第七章 我夢裡一群仙兒

投票推薦 加入書籤 小說報錯

  周桃沒離開。

  夜色深了,現在走夜路得穩妥些。

  她被安排在趙家一間側房。

  這屋子本是趙家其他孩子的住處,孩子們走了便一直空著,如今正好待客。

  事畢,趙家兩人卻毫無睡意。他們將趙肆挪進主屋,趙八斤翻出跌打膏藥,給他手腕抹上。

  按周桃說法,鬱氣不改人身筋骨,卻能叫人拋了性命般使力。

  好比朝塊尖石頭揮拳,人腦總為護住皮肉、躲開疼,暗自收了勁,可鬱氣纏身時,這份護著自己的心思就散了,反倒能榨出更多氣力。

  也更容易傷筋動骨。

  料理完趙肆的傷,趙八斤便蹲在房門口抽菸。

  院裡那隻被踹落泥地、沾了灰的燒雞他也沒捨得扔,拾掇了拿去餵豬。

  此刻他望著地上那片油汪汪的土,猛地嘬一口煙,兩股灰白煙氣從鼻孔里筆直地鑽出來。

  他扭頭看向趙犰:

  「小九啊,你說你二哥到底喜歡吃什麼?他說他不喜歡我買的東西,可我每次買燒雞,他吃得挺香的……」

  趙犰想了想說:

  「爹,我覺得倒是你愛吃燒雞。

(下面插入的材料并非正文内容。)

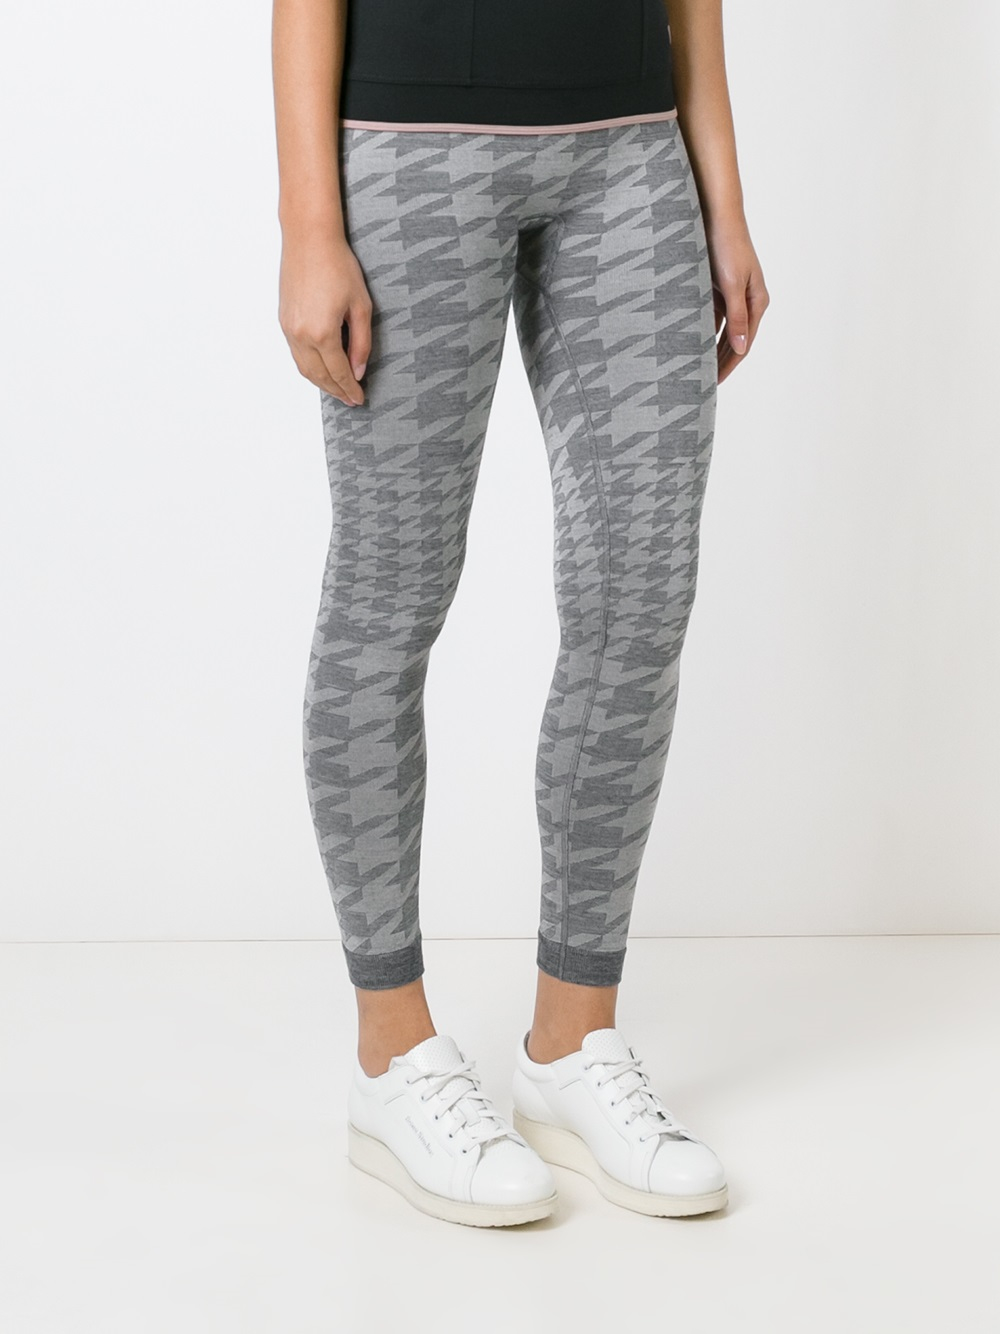 Lyst - Adidas By Stella Mccartney Dark Grey Pants in Gray

」

  趙八斤煙嗆了嗓子,咳個不住,眼淚都嗆出來了。

  趙犰掰著手指念叨:

  「今兒的酒是爹愛喝的。爹你知道我,我不喝酒,二哥四哥喜歡啤的,燒雞也是爹愛吃的,每次你買回,總是你高興。」

  「那你說你二哥喜歡什麼?」

  「興許……糖?」趙犰也不確定。

  「糖?」

  「對,村頭小賣部賣一種水果糖,說是山城來的,以前二哥下工,我去找他,偶爾見他吃。」

  趙八斤仔細回想。

  好像記起,二兒子胳膊被鐵老爺打傷後,確實想讓自己幫著買幾顆那東西。

  他當時不懂,只覺得是娘們兮兮的玩意兒,價兒頂得上個大窩頭,就回絕了。

  可他現在還是不懂,兒子為啥好這口。

  也不曉得最後自己那二兒子是否又買了糖。

  趙犰沒再說,蹲門口陪著爹。

  蹲到腿麻,蹲到遠處山頭泛了紅。

  太陽慢悠悠爬上來。

  新的一天來了。

  趙八斤抽完這支煙,可能是一生最長的,撐著膝蓋站起。

  蹲久了腿麻,他跺兩下腳。

  「小九啊。」

  「咋了爹?」

  「你想去城裡學本事?」

  「對。」

  「你之前從口裡噴出啥東西。」趙八斤側頭問:「那也是本事?」

  「是。」趙犰沉吟了片刻:「我在夢裡能碰到一群仙人,他們教我的。」

  「別看你爹沒文化就糊弄你爹。」趙八斤笑罵一句:「怕是早跟老悶頭學了兩手,自己練出來的?」

  趙犰沒吭聲。心裡嘀咕,這老頭,說實話倒不信了。

  趙八斤沒讓他開口,只道:「去城裡學本事也行,像今兒幫人看災,收拾禍害,也能掙不少銀元,挺好。」

  「爹?你准我學本事了?」趙犰大喜。

  他本想著爹若死活不同意,就自己偷跑出去。

  可他雜糅的記憶里,除開忽然出現的「趙裘」,「趙犰」也占了大半。

  在趙犰的記憶當中,趙八斤雖常買他愛吃的燒雞,卻總吃得最少。

  他終歸狠不下心跑開。

  正說著,院門忽地砰砰急響,兩人對視一眼,疑惑不解,最終還是趙犰起身開門。

  門一開,趙犰見是熟人張工。

  張工滿臉緊張。

  「張工?咋來了?」趙犰疑惑的問。

  「誒呀!」張工緊張地瞅了眼院裡,低聲道:「徐副廠長死了!」

  ……

  趙家爺倆帶周桃進廠時,工人已里三層外三層圍得嚴實。


  張工一引周桃來,眾人便湧向兩旁散開。

  趙犰一眼就看到了正在中間一根鐵柱上掛著的徐旭。

  昨兒還神氣的徐副廠長,吊在門口一根待加工的柱子上,繩子上拴柱頂,下頭勒緊他脖子。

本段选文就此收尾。